Arbitration is a technique for the resolution of disputes outside the courtroom. In arbitration, the parties to a dispute and their attorneys present their case to an arbiter and agree to be bound by the arbitration decision. The arbiter is an impartial third-party who hears the evidence in the case and imposes a decision that is legally binding on both sides and enforceable in the courts.
There are multiple benefits to arbitration. One benefit of arbitration is that a final trial on the matter in dispute is often easier to schedule. Traditionally, a court will issue a trial date for each case, and the parties do not have the opportunity to choose what trial date they are given.
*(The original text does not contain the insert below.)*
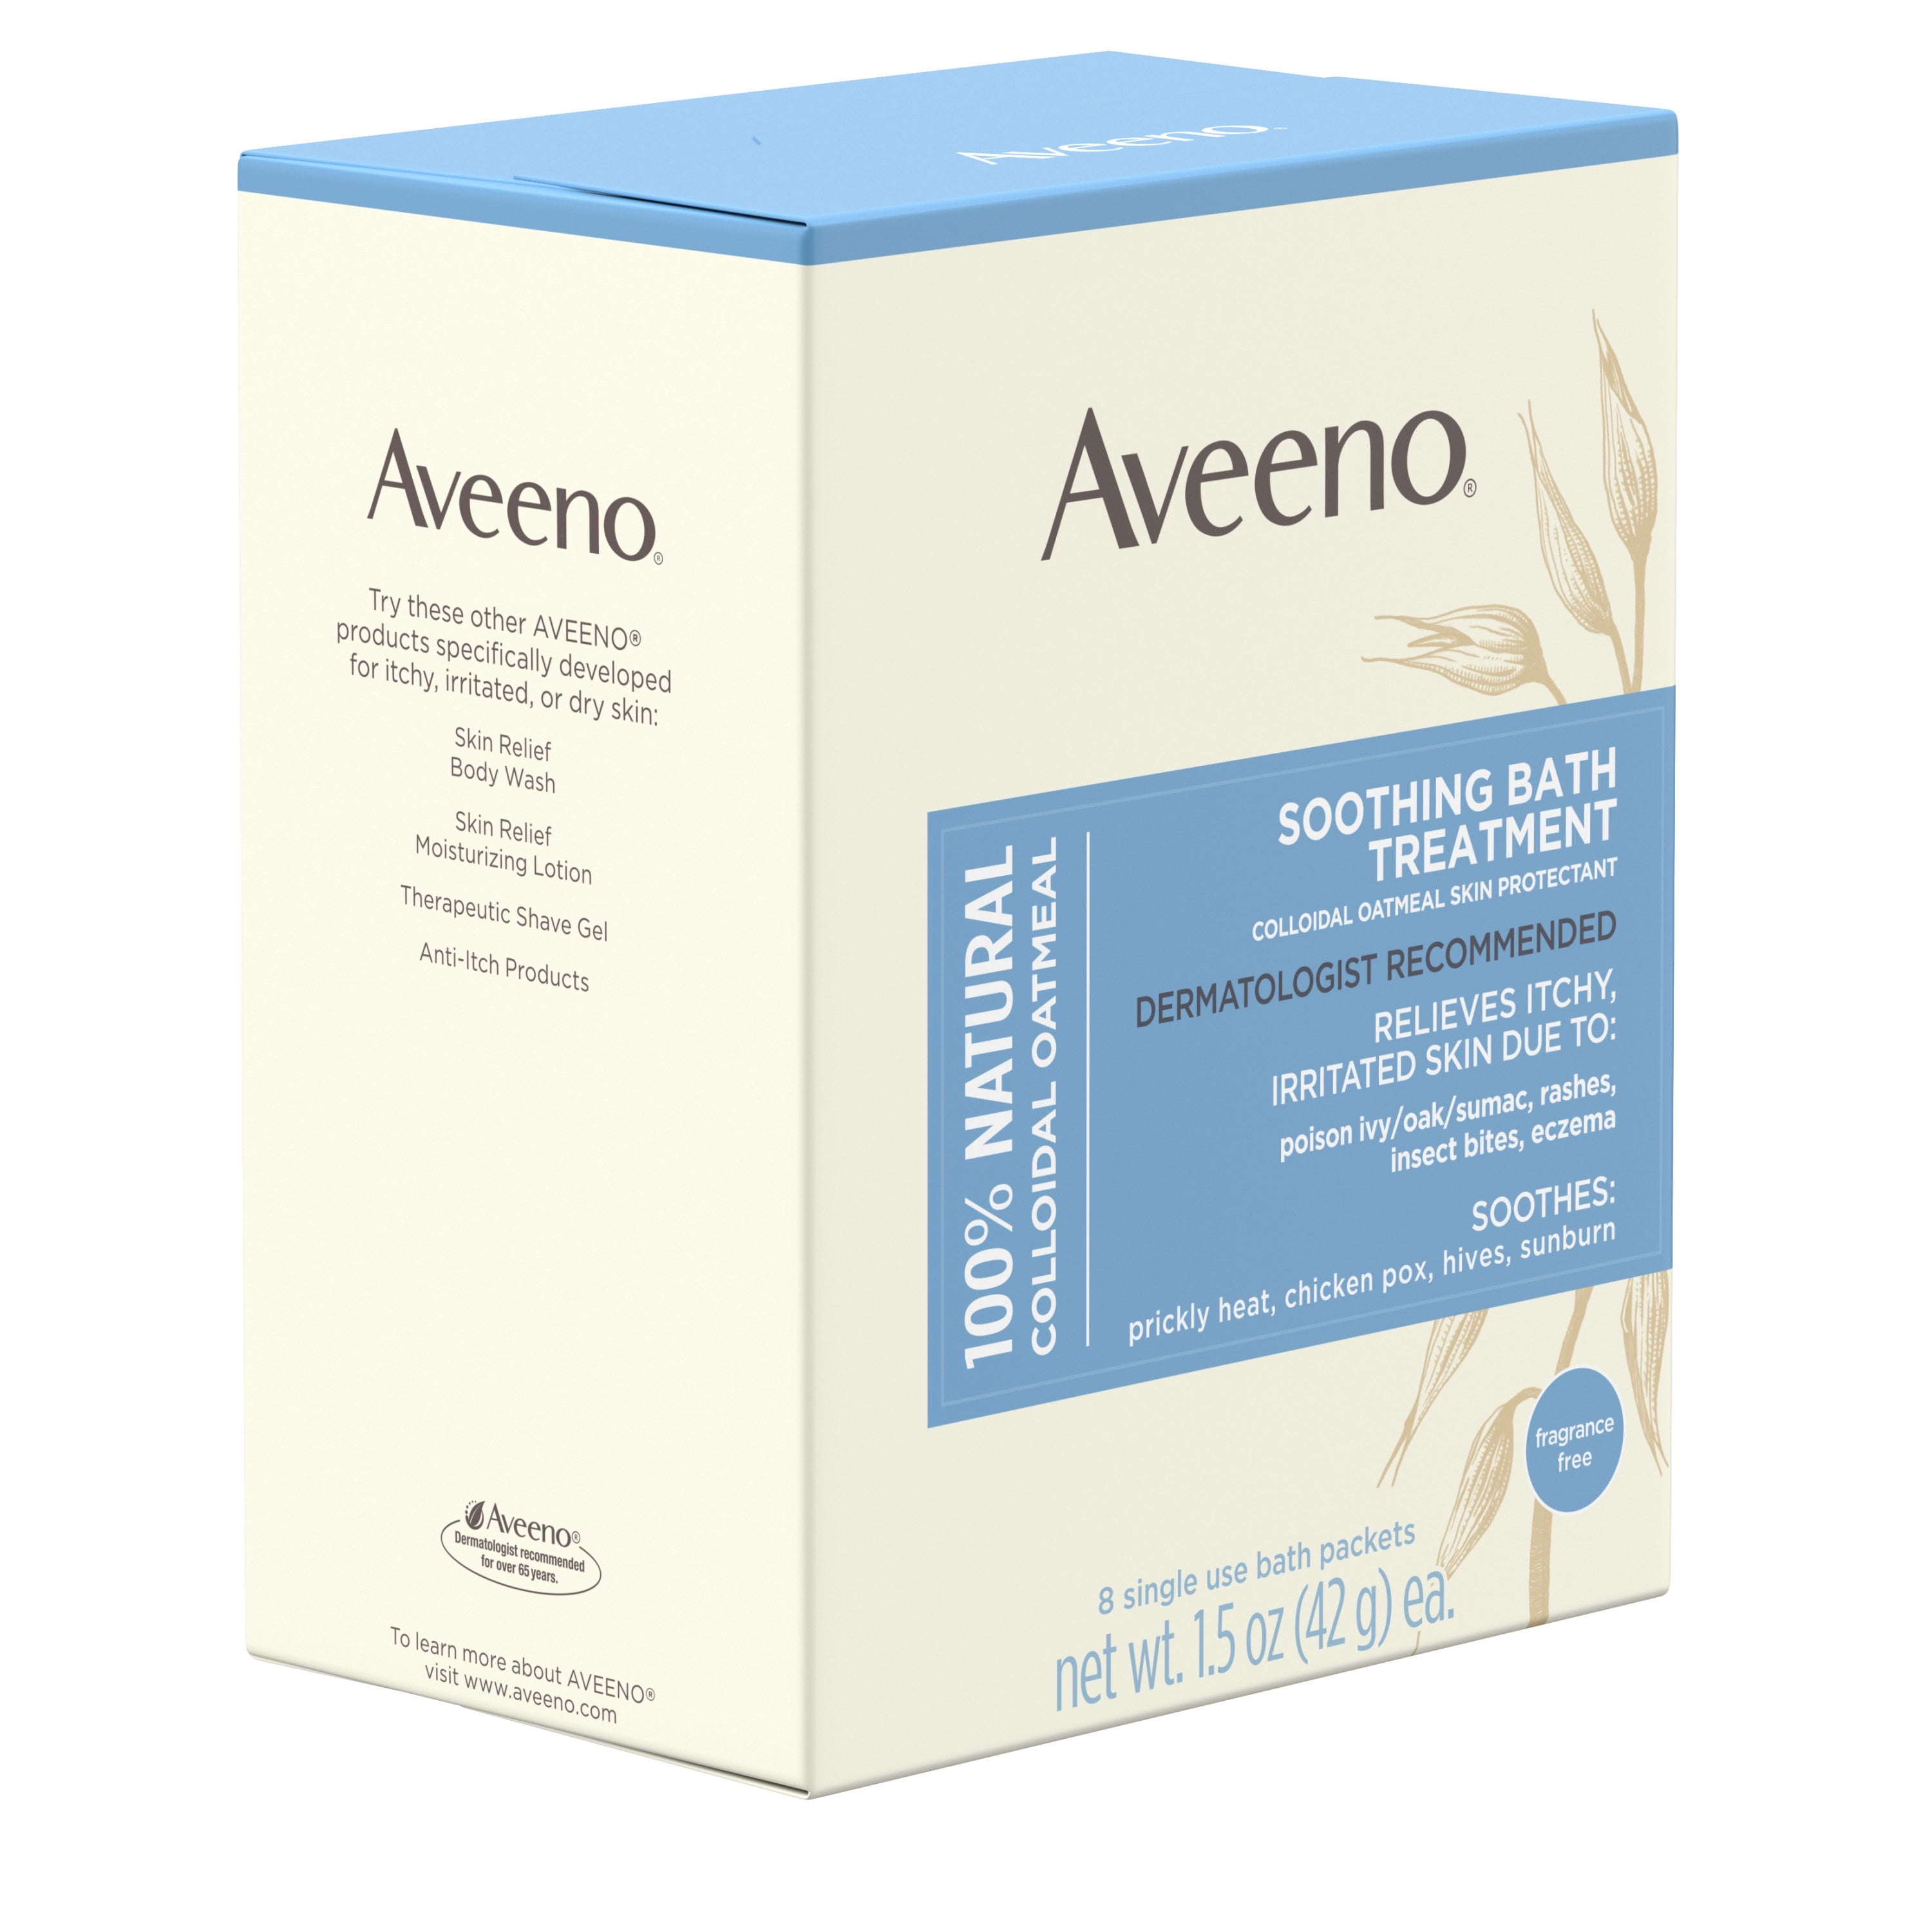 Aveeno Baby Oatmeal Bath Walmart : Aveeno Baby Eczema Therapy Soothing Bath Treatment Reviews 2021 - Johnson's first touch baby gift set.

Thus, the parties and attorneys often have schedule conflicts. However, in trials, the parties and their attorneys must appear at the time and place stated by the court, regardless of the schedule conflict. Therefore, some parties agree to present their case on their own timeline and allow a private arbiter to hear the case. Another benefit of arbitration is that the case can be tried in a confidential setting. Often parties do not want their private matters heard in a public forum like a courtroom. Additionally, arbitration allows the parties and attorneys to proceed with their case using customized rules and/or procedures.
There are disadvantages to arbitration too. For example, arbitration provides limited avenues to appeal the decision. Additionally, the arbiter is generally unable to enforce orders against a party without the arbitrator’s ruling being reduced to a court order.